Nickolay, tnx to yor reply. Have sphinx any limitation on text corpus size for
language model training? Because i dont have any problem when i use small
training corpus.
There is no limitation.
You don't have this problem because word which caused the error didn't get
into small corpus. In large corpus you have the words which cause errors.

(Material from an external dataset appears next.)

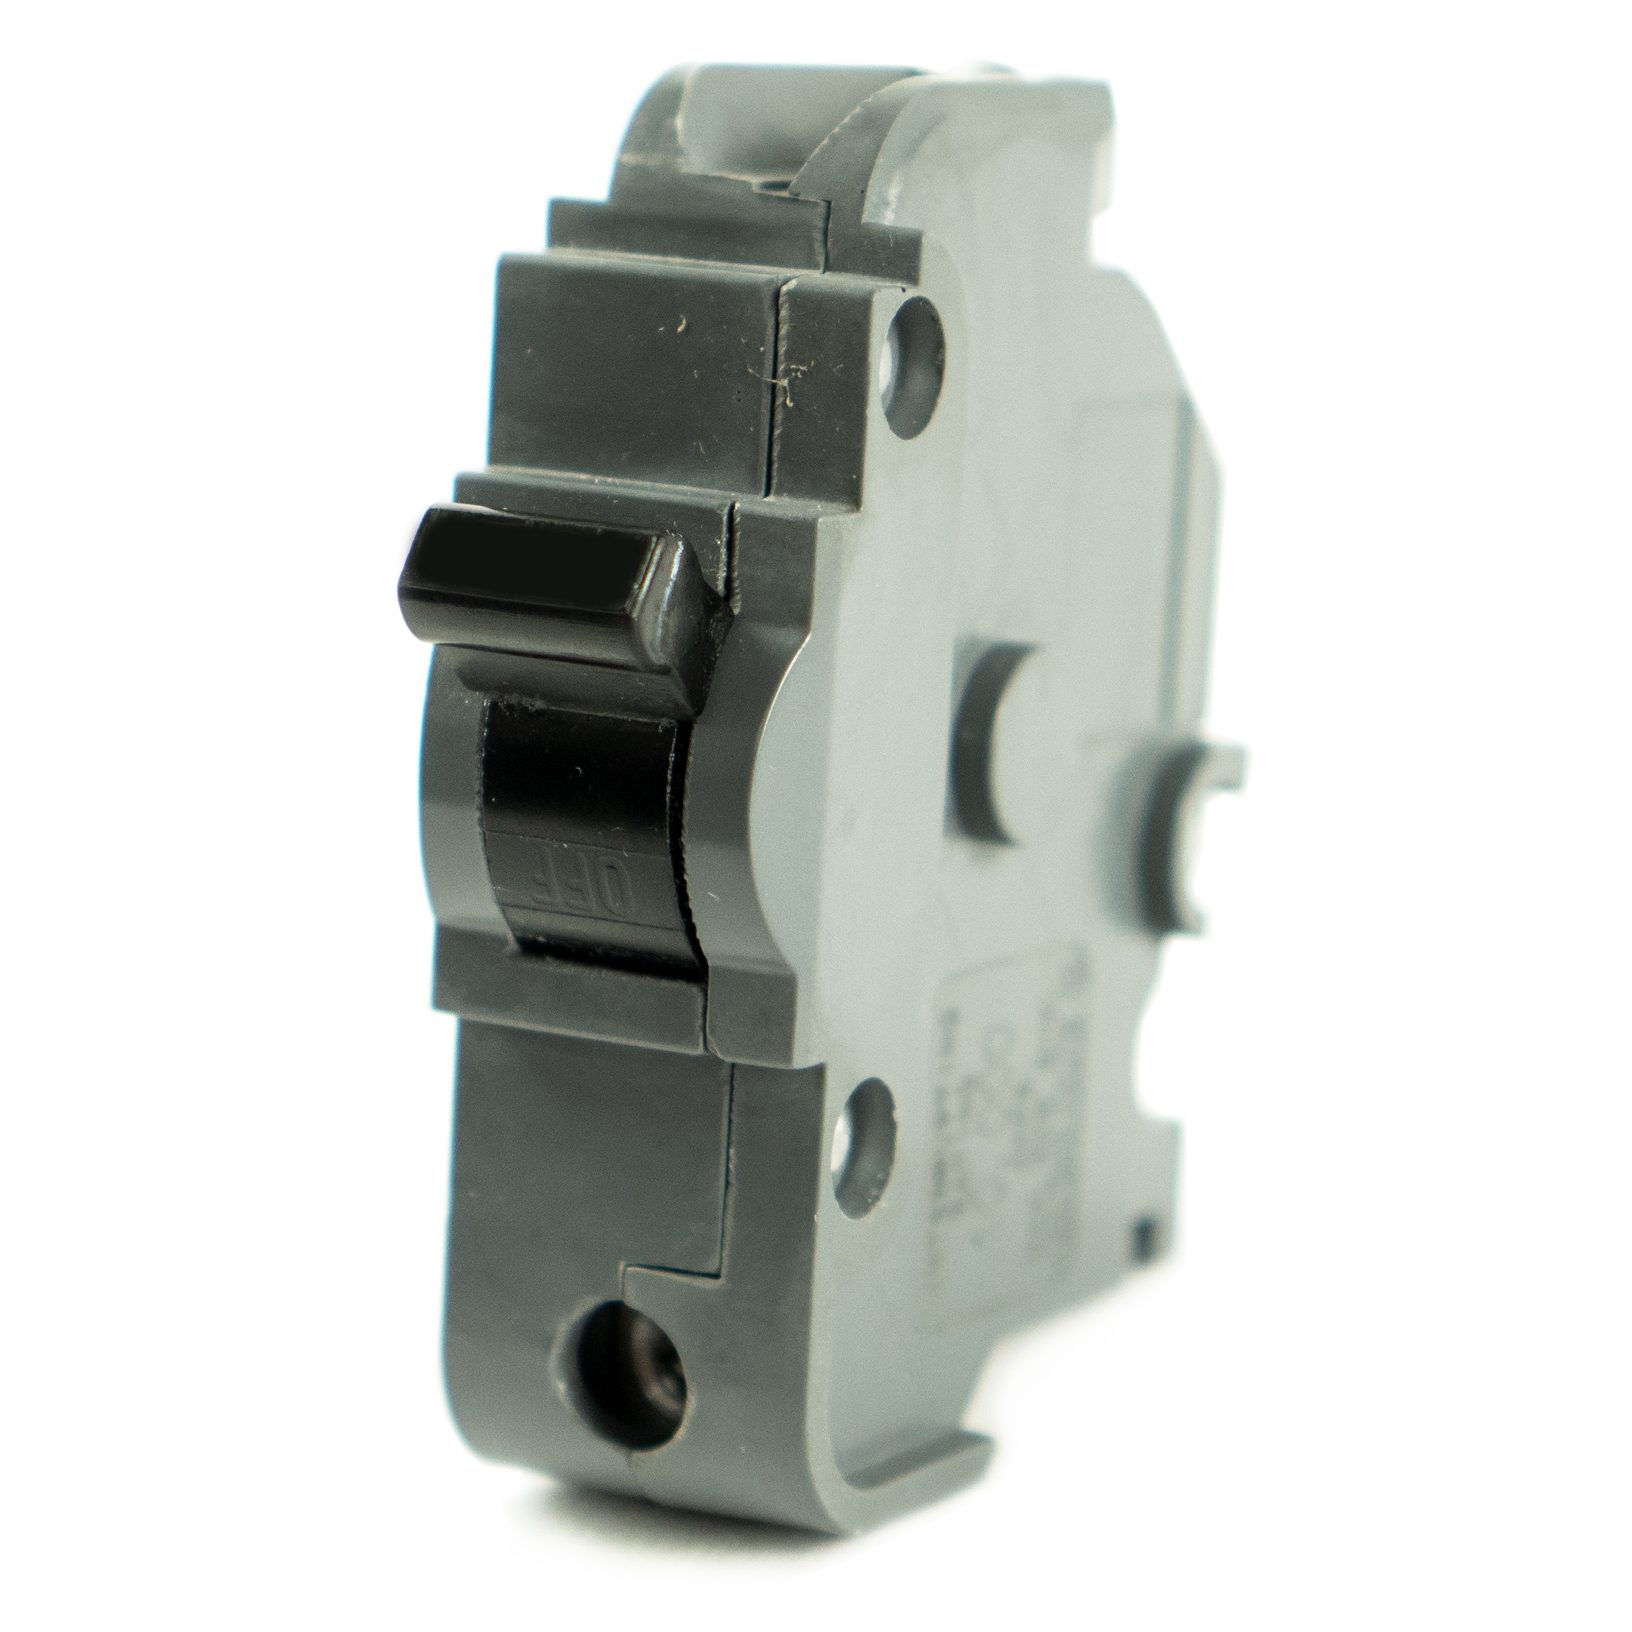 Connecticut Electric manufactures new high quality replacement circuit breakers for NBLP® load centers that accept NB style circuit breakers.  Circuit breakers should only be replaced with new tested and Safety Agency Listed circuit breakers, never used or refurbished ones. ETL Listed. 10,000 AIC. 1-Pole, 20 amp.

Nickolay, thanks for your reply. I try to train 1 GB text file as a LM. I use
SRILM to produce ARPA file. then i sort it using with Sphinx_lm_sort. After
sorting, I am using Sphinx_lm_convert to convert it to binary format but i
receive such error . please help me. tnx
INFO: cmd_ln.c(559): Parsing command line:
sphinx_lm_convert \
-i sortdilmodeli.arpa \
-o dml.lm.DMP
Current configuration:
-case
-debug 0
-help no no
-i sortdilmodeli.arpa
-ienc
-ifmt
-logbase 1.0001 1.000100e+00
-mmap no no
-o dml.lm.DMP
-oenc utf8 utf8
-ofmt
INFO: ngram_model_arpa.c(477): ngrams 1=120702, 2=5261809, 3=5303598
INFO: ngram_model_arpa.c(135): Reading unigrams
INFO: ngram_model_arpa.c(516): 120702 = #unigrams created
INFO: ngram_model_arpa.c(195): Reading bigrams
.................................................ERROR: "ngram_model_arpa.c",
line 253: Bigrams not in unigram order
ERROR: "ngram_model_dmp.c", line 121: Wrong magic header size number a5c6461:
sortdilmodeli.arpa is not a dump file
Segmentation fault
Hello
I do not think that sphinx_lm_convert supports more than 64 unigrams, your
model is too large. There is LIUM branch in our sources which allows you to
use bigger langauge model but you need to compile it separately.
To start discussion of a new issue please start a new thread. Please use Help
forum to ask for help on language model utilities. This forum is about
sphinx4.